▶ Brief:
Transcribe only the part of the material below that begins at the line containing "Aşk Duvar Kağıtları" and ends at the line containing "Kale Edwards' Tweet", with both kept and images left out.

▶ Available data:
────
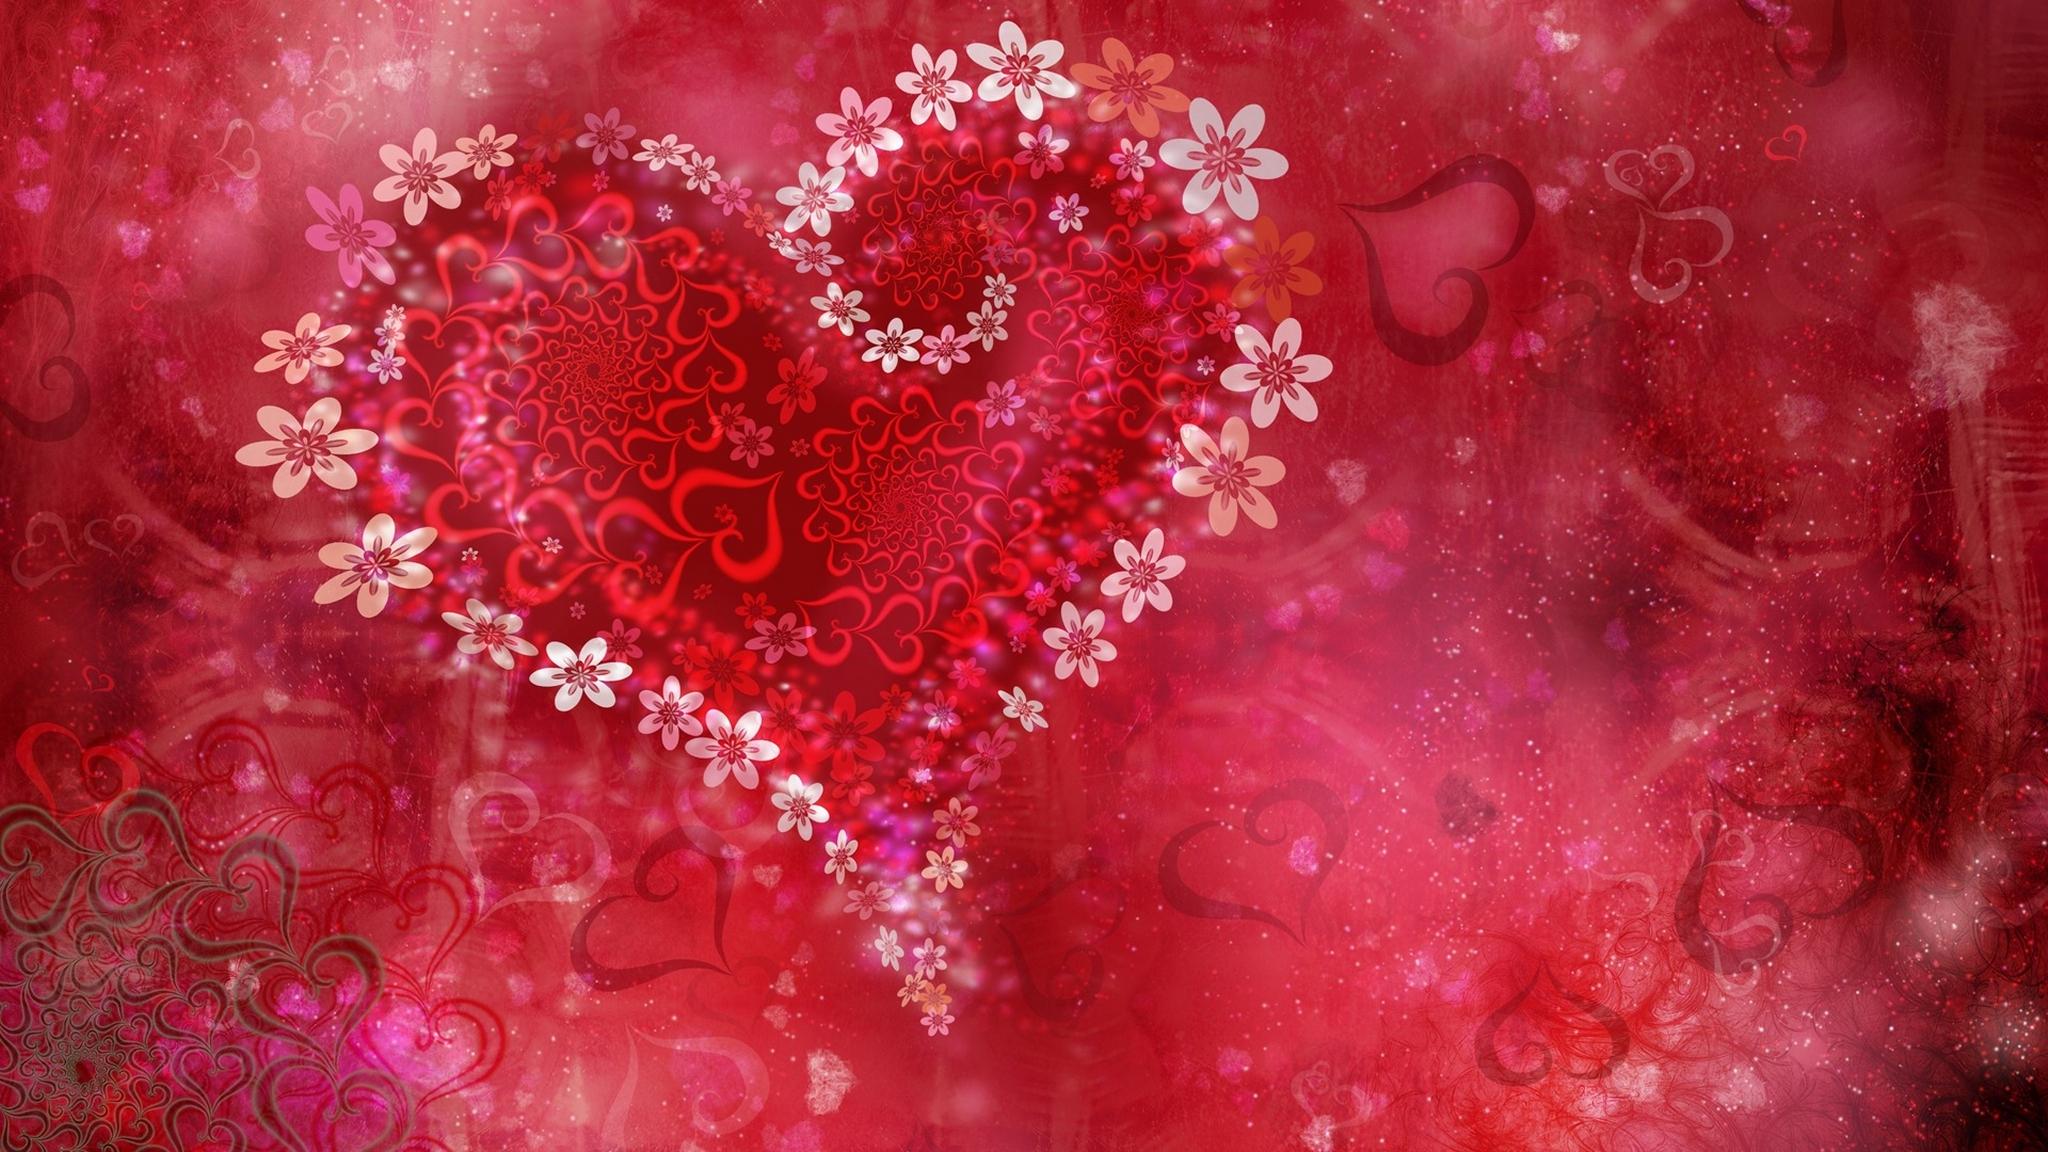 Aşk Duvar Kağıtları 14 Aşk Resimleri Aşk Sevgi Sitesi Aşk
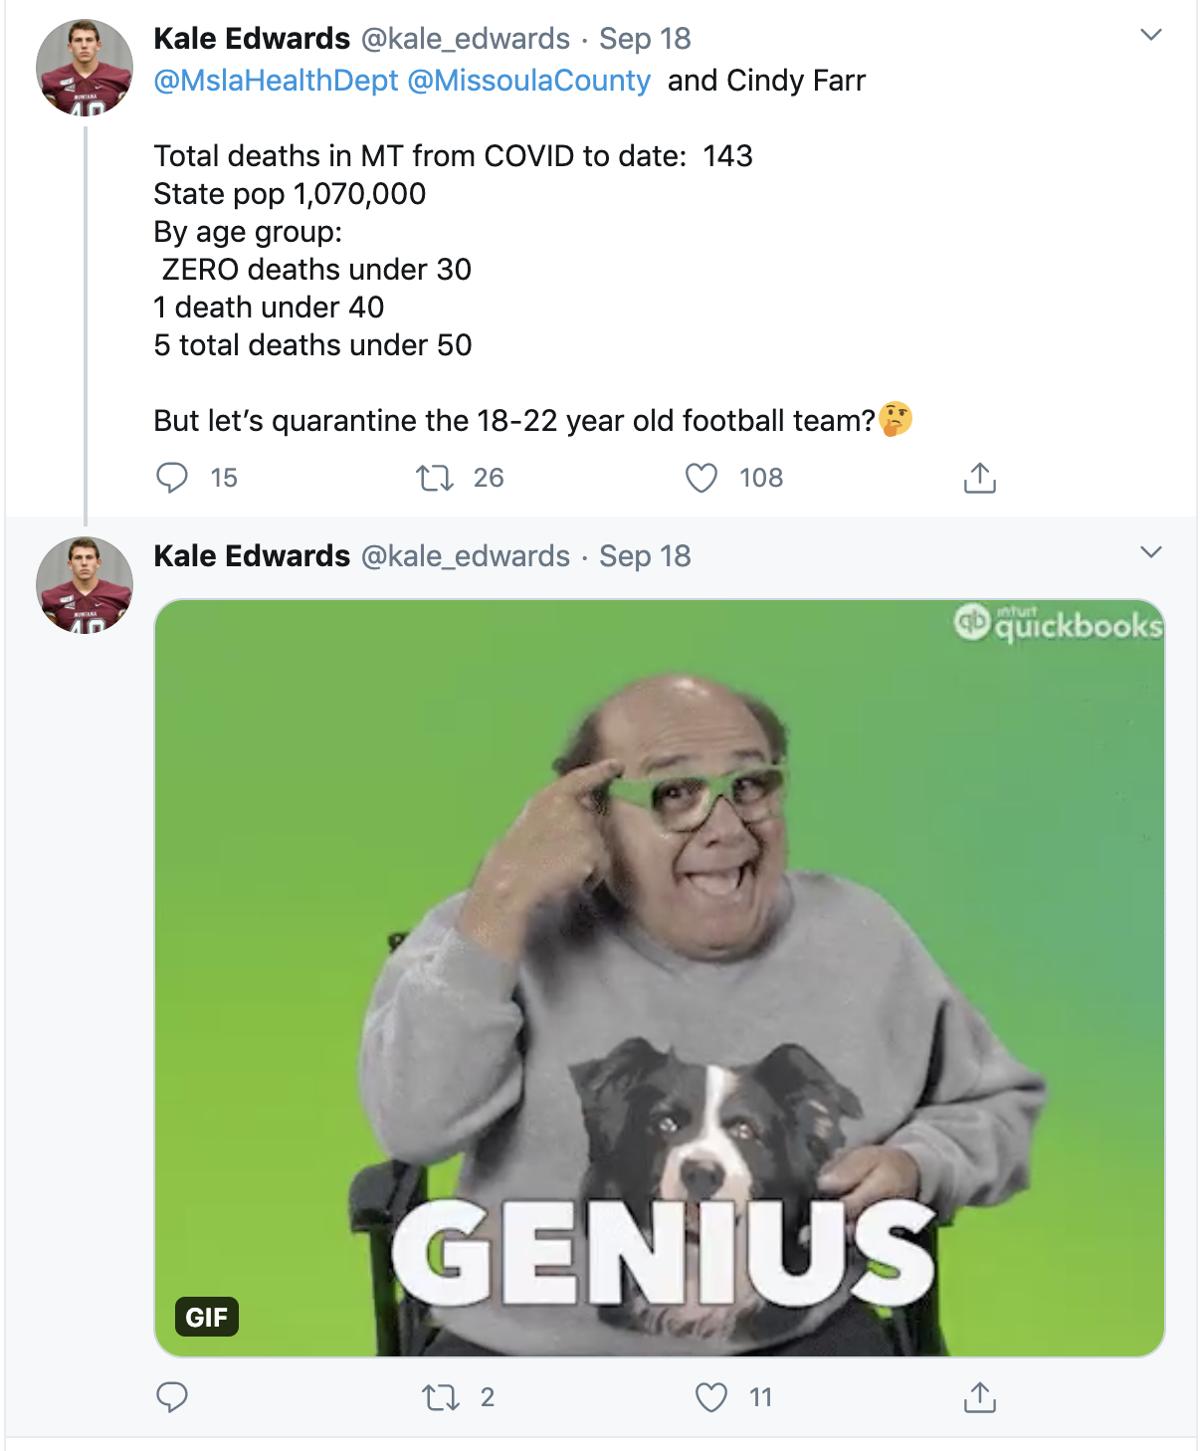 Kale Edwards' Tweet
────
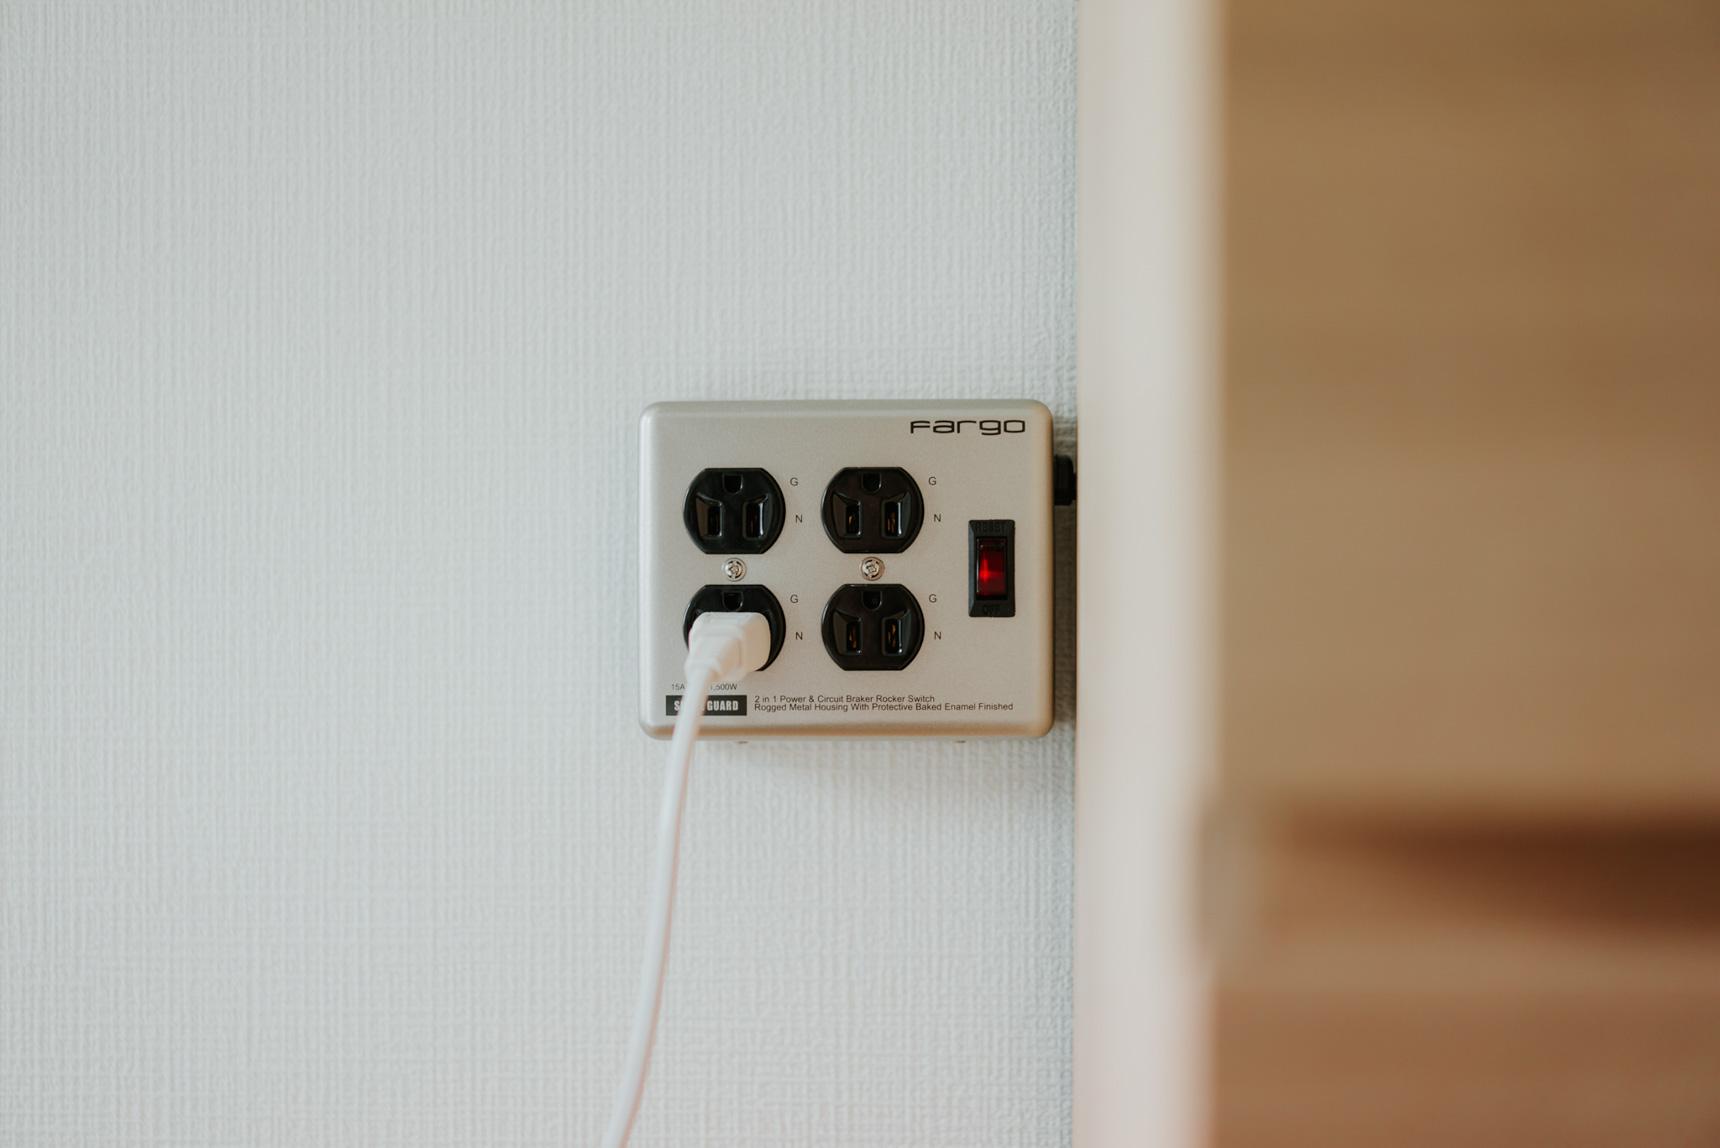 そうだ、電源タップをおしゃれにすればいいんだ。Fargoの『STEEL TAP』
────
▶ Answer to the exercise:
 Aşk Duvar Kağıtları 14 Aşk Resimleri Aşk Sevgi Sitesi Aşk
 Kale Edwards' Tweet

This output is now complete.